TASK DESCRIPTION ▸
Please reproduce, exactly and with nothing added, the line containing "Pampers pick up free" and every line after it to the end of the records.

(Stored items from a collection)
::::::::

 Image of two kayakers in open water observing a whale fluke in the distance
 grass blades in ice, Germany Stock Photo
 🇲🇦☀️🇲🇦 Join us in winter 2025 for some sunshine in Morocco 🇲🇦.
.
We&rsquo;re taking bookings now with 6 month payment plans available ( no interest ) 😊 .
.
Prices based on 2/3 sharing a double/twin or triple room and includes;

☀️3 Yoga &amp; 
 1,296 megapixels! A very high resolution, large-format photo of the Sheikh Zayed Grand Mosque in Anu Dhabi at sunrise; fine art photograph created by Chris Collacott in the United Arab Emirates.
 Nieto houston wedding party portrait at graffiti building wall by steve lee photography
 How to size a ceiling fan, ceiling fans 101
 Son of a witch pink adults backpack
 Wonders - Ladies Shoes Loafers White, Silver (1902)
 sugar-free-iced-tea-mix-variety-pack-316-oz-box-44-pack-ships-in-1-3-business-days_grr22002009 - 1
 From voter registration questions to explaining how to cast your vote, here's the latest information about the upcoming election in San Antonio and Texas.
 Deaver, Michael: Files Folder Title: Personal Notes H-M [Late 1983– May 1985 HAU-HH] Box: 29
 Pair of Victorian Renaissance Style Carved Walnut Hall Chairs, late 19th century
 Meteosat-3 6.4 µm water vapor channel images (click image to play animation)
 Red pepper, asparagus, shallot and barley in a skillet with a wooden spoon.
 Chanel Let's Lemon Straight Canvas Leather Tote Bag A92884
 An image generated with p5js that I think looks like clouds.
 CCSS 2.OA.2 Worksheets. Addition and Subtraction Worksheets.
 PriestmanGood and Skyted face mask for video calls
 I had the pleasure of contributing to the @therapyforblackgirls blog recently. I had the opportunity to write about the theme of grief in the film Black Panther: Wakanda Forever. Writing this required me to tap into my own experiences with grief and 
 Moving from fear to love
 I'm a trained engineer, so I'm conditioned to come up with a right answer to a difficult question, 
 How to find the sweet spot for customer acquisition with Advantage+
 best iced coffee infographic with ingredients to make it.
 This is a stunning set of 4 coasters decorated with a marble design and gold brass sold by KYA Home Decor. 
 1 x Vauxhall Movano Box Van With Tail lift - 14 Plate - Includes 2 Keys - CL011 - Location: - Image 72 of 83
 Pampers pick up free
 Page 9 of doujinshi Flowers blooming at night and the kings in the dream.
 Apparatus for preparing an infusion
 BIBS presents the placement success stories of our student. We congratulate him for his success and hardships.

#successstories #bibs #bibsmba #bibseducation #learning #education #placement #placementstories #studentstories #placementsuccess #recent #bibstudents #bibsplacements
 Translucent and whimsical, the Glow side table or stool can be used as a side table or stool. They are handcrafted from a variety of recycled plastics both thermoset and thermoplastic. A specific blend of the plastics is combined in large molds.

::::::::

SOLUTION TO THE PROBLEM ▸
 Pampers pick up free
 Page 9 of doujinshi Flowers blooming at night and the kings in the dream.
 Apparatus for preparing an infusion
 BIBS presents the placement success stories of our student. We congratulate him for his success and hardships.

#successstories #bibs #bibsmba #bibseducation #learning #education #placement #placementstories #studentstories #placementsuccess #recent #bibstudents #bibsplacements
 Translucent and whimsical, the Glow side table or stool can be used as a side table or stool. They are handcrafted from a variety of recycled plastics both thermoset and thermoplastic. A specific blend of the plastics is combined in large molds.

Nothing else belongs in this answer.